MAJOR FOREIGN EXCHANGE REFORM: THE GREEN FOREX DIRECTIVE
By DMLF
The National Bank of Ethiopia (NBE) introduced a historical major change in the administration and regulation of foreign exchange by a new directive namely Foreign Exchange Directive Number FXD/01/2024, effective as of July 29/2024.
Key foreign exchange reforms elaborated by televised address by NBE Governor Mr.Mamo Mehertu and summarized by the NBE press release as follows:
1. A shift to a market-based exchange regime, whereby banks are henceforth allowed to buy and sell foreign currencies from/to their clients and among themselves at freely negotiated rates, and with the NBE making only limited interventions to support the market in its early days and if justified by disorderly market conditions.
2. The end of surrender requirements to the NBE, allowing foreign exchange to be retained by exporters and commercial banks and thus substantially boosting FX supplies to the private sector.
3. The removal of import restrictions that previously prohibited 38 product categories and the broader liberalization of the foreign exchange market for the imports of goods and services, while capital account outflows remain restricted as before.
4. The improvement of retention rules allowing exporters to retain 50 percent of their foreign exchange proceeds vs 40 percent previously.
5. The complete removal of rules governing banks’ allocation of foreign exchange that was based on a waiting list system for different categories of imports.
6. The introduction of non-bank foreign exchange bureaus that are henceforth free to engage in the buying and selling of foreign currency cash notes at market rates.
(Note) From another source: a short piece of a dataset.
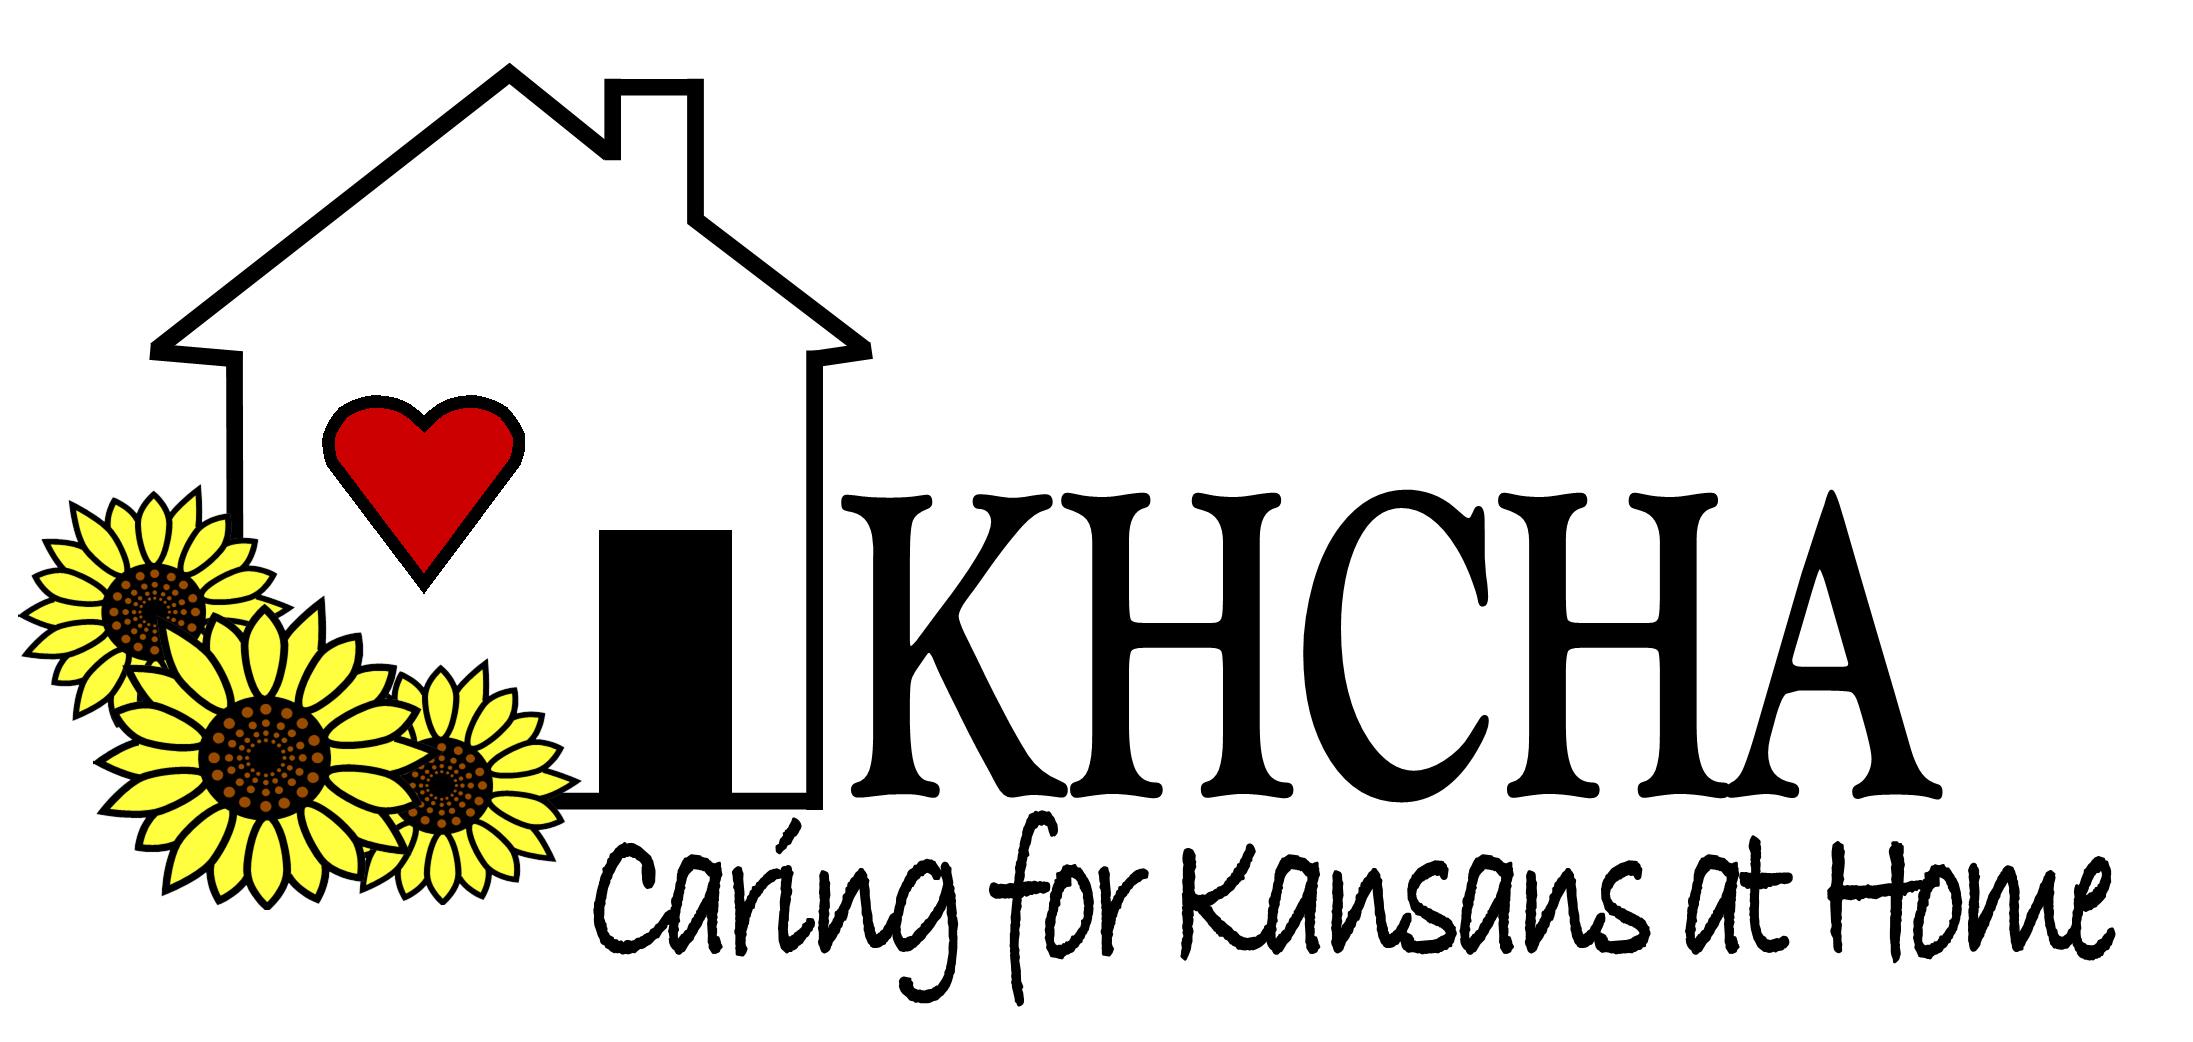 Kansas Home Care & Hospice Association is a client of Chris Zervas, an employee engagement and retention keynote speaker in Oklahoma

7. The removal of restrictions on franco valuta imports, to be implemented shortly through an upcoming regulation.
8. The simplification of rules governing foreign currency accounts, especially those currently held by foreign institutions, FDI companies, and the Diaspora.
9. The allowance for residents to open foreign currency accounts, based on remittance inflows, transfers from abroad, FX-based salary or rental income, and for other specified cases, as well as the ability to use such foreign currency accounts for foreign service payments.
10. The removal of interest rate ceilings that previously applied to private sector companies or banks when borrowing from abroad.
11. The opening of Ethiopia’s securities market to foreign investors, with the terms and conditions to be specified further in the near future.
12. The granting of special foreign exchange privileges to companies within Special Economic Zones, including the ability to retain 100 percent of their foreign exchange earnings.
13. The relaxation of various rules on the amount of foreign currency cash notes travelers may carry when traveling into or out of Ethiopia.